Megan, Sawyer's therapist, asks him to point to the picture that begins with the S sound. Instead, Sawyer jumps up and points to the porch. He is not talking yet, but does things that impress us. When it rains, he stands at the window and twinkles his fingers — the sign for rain. His response to pointing to the picture that begins with P is to sprint to his bedroom to bring back a puzzle.

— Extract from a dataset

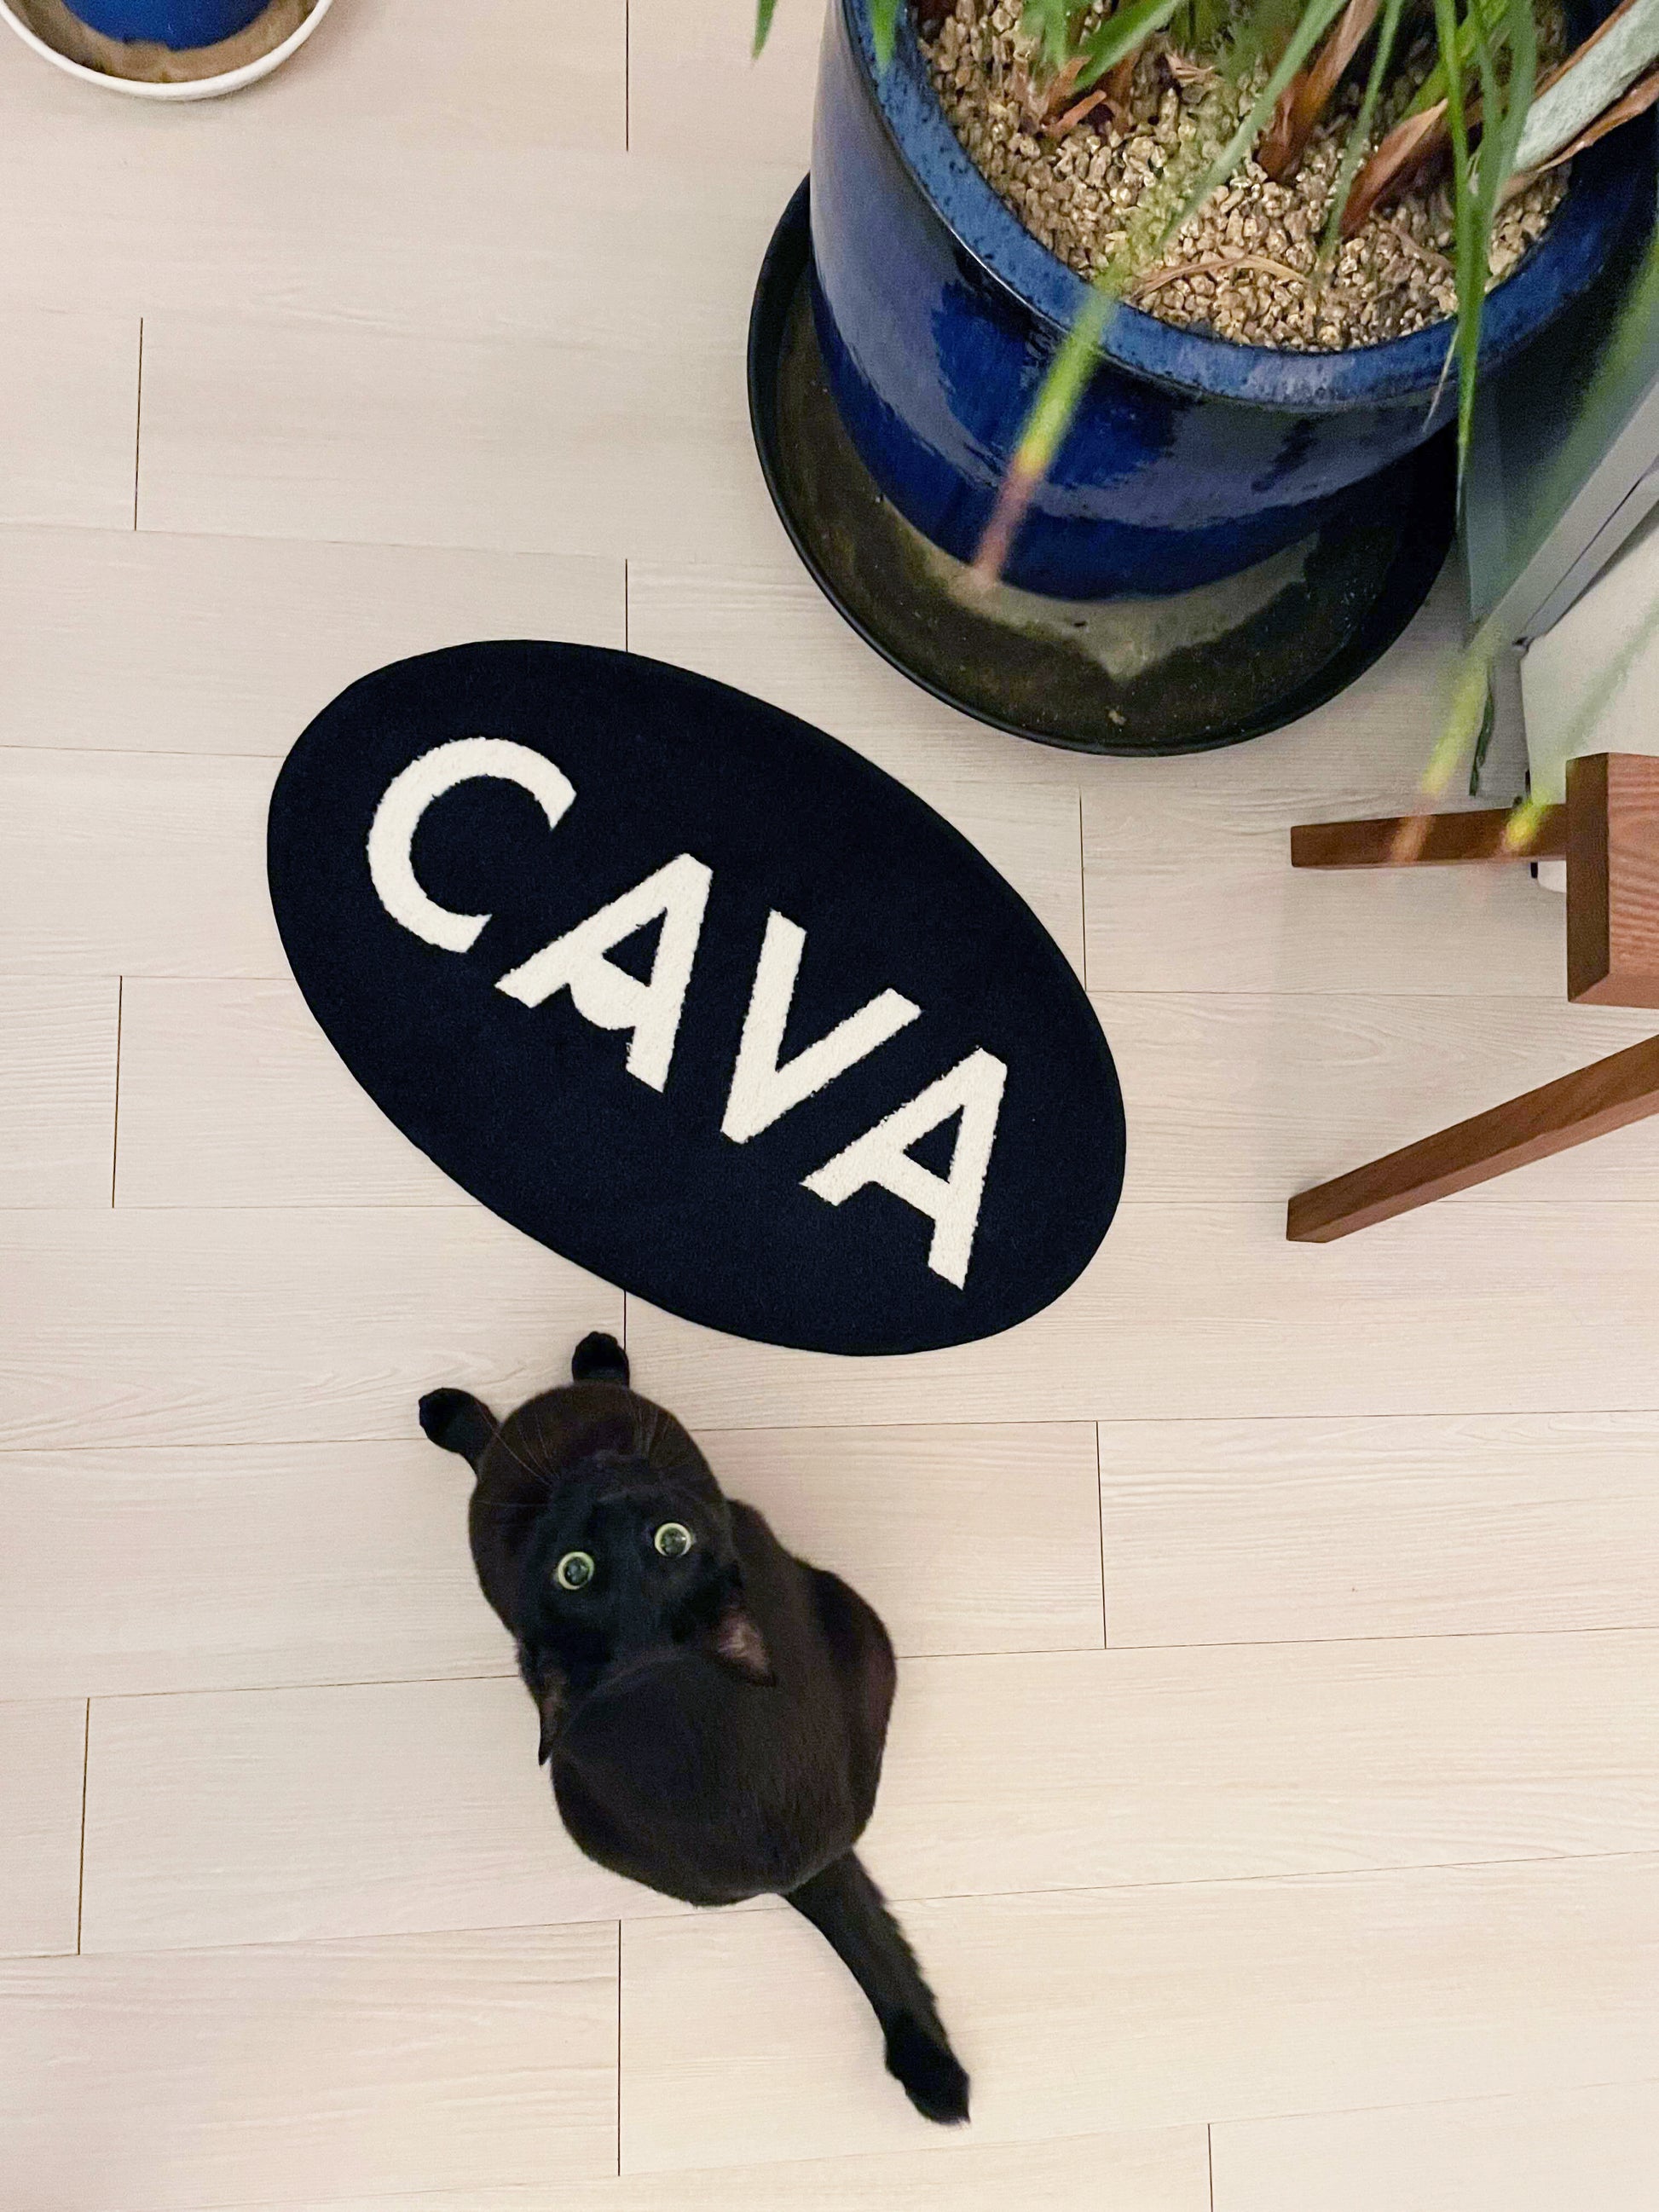 카바 라이프에서 판매 중인 하얀 카바 로고가 새겨진 검정색 타원형 도어매트가 바닥에 깔려 있고 그 옆에 앉아서 카메라를 올려다 보는 검은 고양이를  위에서 내려다 보며 촬영한 사진입니다.

But it looks like Sawyer is off-base with the letter S. That is, until one of the therapists realizes that weeks ago he saw a spider on the porch. The therapists handle the flashcards now, giving my family their evenings back. The evenings are even better because Sawyer's spirit catches on fire by impressing the new women the therapists in his life.

That fire ignites my soul, like using a birthday candle to light the rest. He will repeat our names several times and seems to take joy in knowing who is with him, as we take joy in being his safe zone. He also runs around the house repeating, Ciao bella, which is Italian for Hello, beautiful. This is the other thing that taught me to take one day at a time: my son's love of silliness, learning, and his family.

If silliness, learning, and his family are enough for Sawyer, why can't it be enough for all of us? My worry of the future has turned to savoring the slow progress.

He is our last child, and without worrying about the future, I am in no hurry for him to catch up as long as he is happy. And he is happy.

At four, he is going through his terrible twos phase and is enjoying his newfound power of being oppositional. He likes to respond to requests with No way or even I'm fine. There will always be new worries. He does have some pronoun confusion, for example, saying chase you when he means chase me. He gets upset when things are not as he thinks they should be. When his ever-lounging teenage sister occasionally ventures out of her room, Sawyer demands, Tristen, upastairs! But then, I don't know what to make of her being downstairs with her boring family either. If Sawyer were not talking and not making progress, I do not know if I could believe the future would be as good.

We are the lucky ones. I cannot feel self-pity for long, even though we are in year five of changing diapers, in part because I know that my son has lesser challenges than many other children out there. It also comes from the realization that my son is not a child with an affliction but a child with autism. Here's a free youth group lesson on choices. Upload and watch Christian, funny, inspirational, music, ministry, educational, cute and videos in Espanol FREE online! We do, however, have a number of paid series that go thru the Bible pretty extensively. We must all remember, of course, that the race that we're running every day is not a literal footrace but one much bigger and more meaningful.